Early voting for the primary began in West Virginia this past week. Many of the state's counties were only able to put out paper ballots because ES&S has failed to provide programming for their voting machines. These machines were supposed to be used to meet the state's HAVA obligation. West Virginia counties are now afraid that the U.S. Department of Justice may take action because they are not compliant. Voters with disabilities are being asked to 'bring a friend' if they come to the polls to vote early according to the Charleston Daily Mail. The disabled-voting provisions in HAVA, of course, were theoretically to allow disabled voters to vote by themselves for the first time.
Meanwhile WV Secretary of State Betty Ireland issued a press release which at times sounded like a press release issued on behalf of ES&S -- which says, in part:
"Voting machine vendors across the nation are faced with the daunting task of servicing all 50 states at one time," the release said.
"Sometimes this can happen when sweeping federal legislation affects all 50 states," Ireland said in the release. "We understand that ES&S is working hard to meet the demands of all its customers. But we still intend to get what we paid for."
In fact, ES&S knew what they were doing as they grabbed every possible opportunity to sign a contract with yet another customer. They completely ignored the fact that they would have actually have to provide service to those customers who they'd promised to service. And now they expect everyone to look the other way as they stumble into another election year unable to do so. With the good PR work from officials like Ireland they might just get away with it, but not until after our elections are affected negatively.
Sequoia Voting Systems Has Problems In New Jersey
The Local Source.Com reported on Wednesday that officials in Essex County New Jersey are concerned that they have not received the voting machines from Sequoia Voting Systems that the company was under contract to deliver. The county is short over 600 Advantage DRE machines and there are only 8 weeks until the state primary election. In a discussion between County Freeholders and Sequoia, the possibility of legal action has now been broached. Sequoia also still owes machines to Monmouth and Passaic Counties.

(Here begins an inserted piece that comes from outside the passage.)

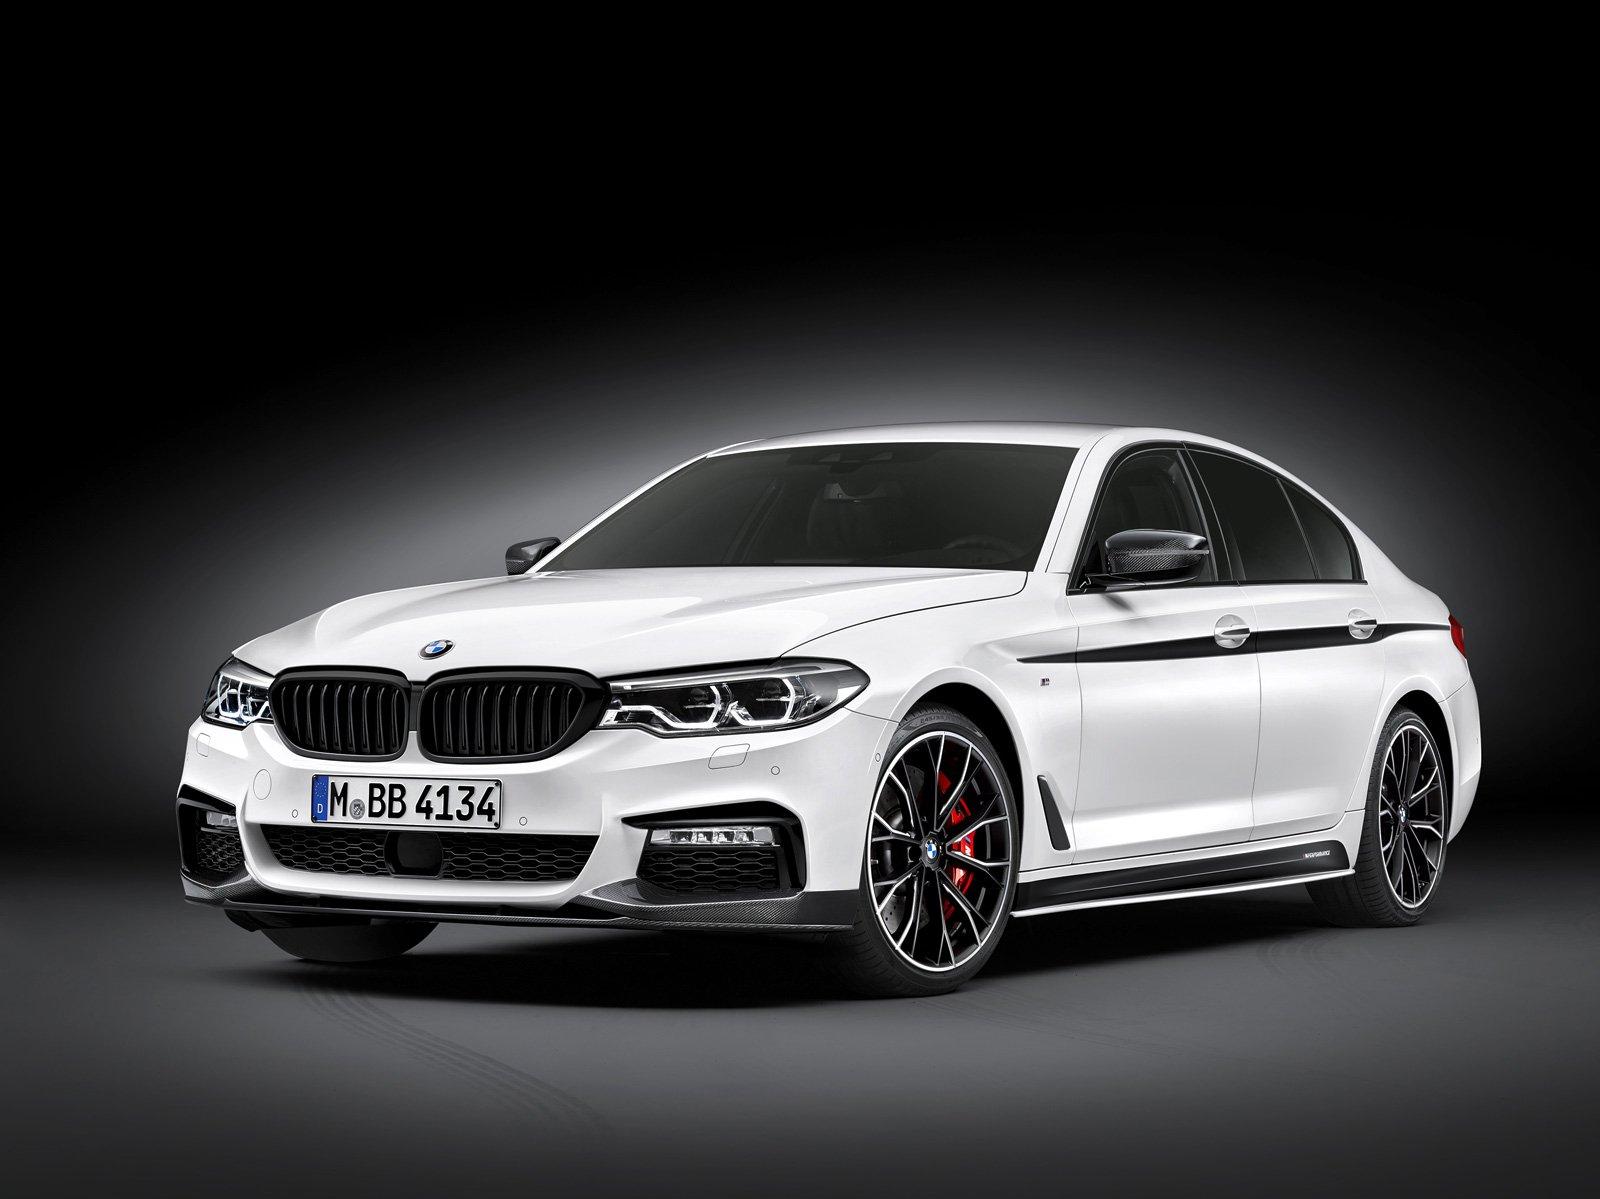 New BMW 5 Series Gets Loads of M Performance Accesssories

Interestingly this meeting took place after the county had voted in favor of two contracts totaling over $107,000 for printer cartridges for the machines. But what about those voter verified paper audit trail (vvpat) printers?
New Jersey law requires that all voting machines used in the state must provide a vvpat by January 1, 2008. On Friday, Assignment Judge Linda Feinberg ruled:
"It is "questionable" whether the 8,000 or so Sequoia AVC Advantage machines used across the state can be upgraded by Jan. 1, 2008, Assignment Judge Linda Feinberg said in an opinion this week.

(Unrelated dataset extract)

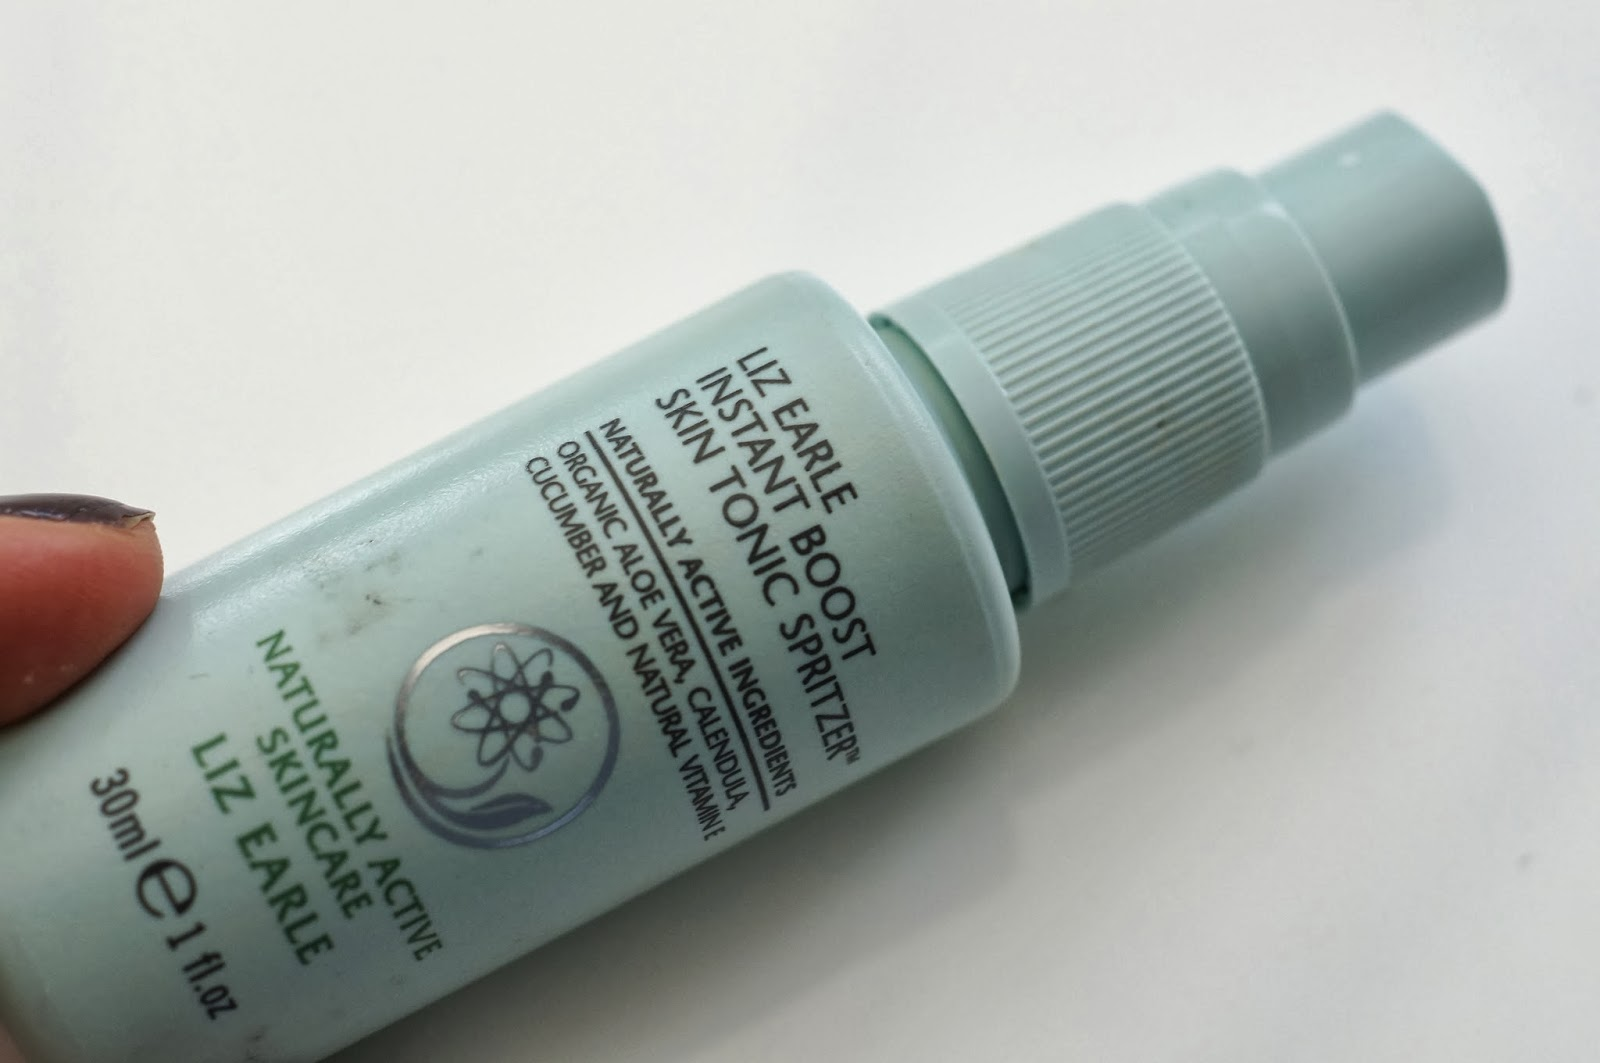 Liz Earle Instant Boost Skin Tonic Spritzer

"Feinberg also said the state may have "grossly underestimated" the cost of replacing or retrofitting the Sequoia AVC Advantage machines. The state pegged the expense at $21 million, said the judge, who heard testimony last month."
The Judge's findings now go to a state appeals court, which is trying to gauge whether these machines are so unreliable that they violate voters' constitutional rights. The panel asked Feinberg to determine if the advent of paper audit trails would render the issue moot.
It appears to be clear that Sequoia may have taken a bit too big a bite of the apple and may end up choking on that bite. Time will tell how much chaos will ensue in New Jersey's elections.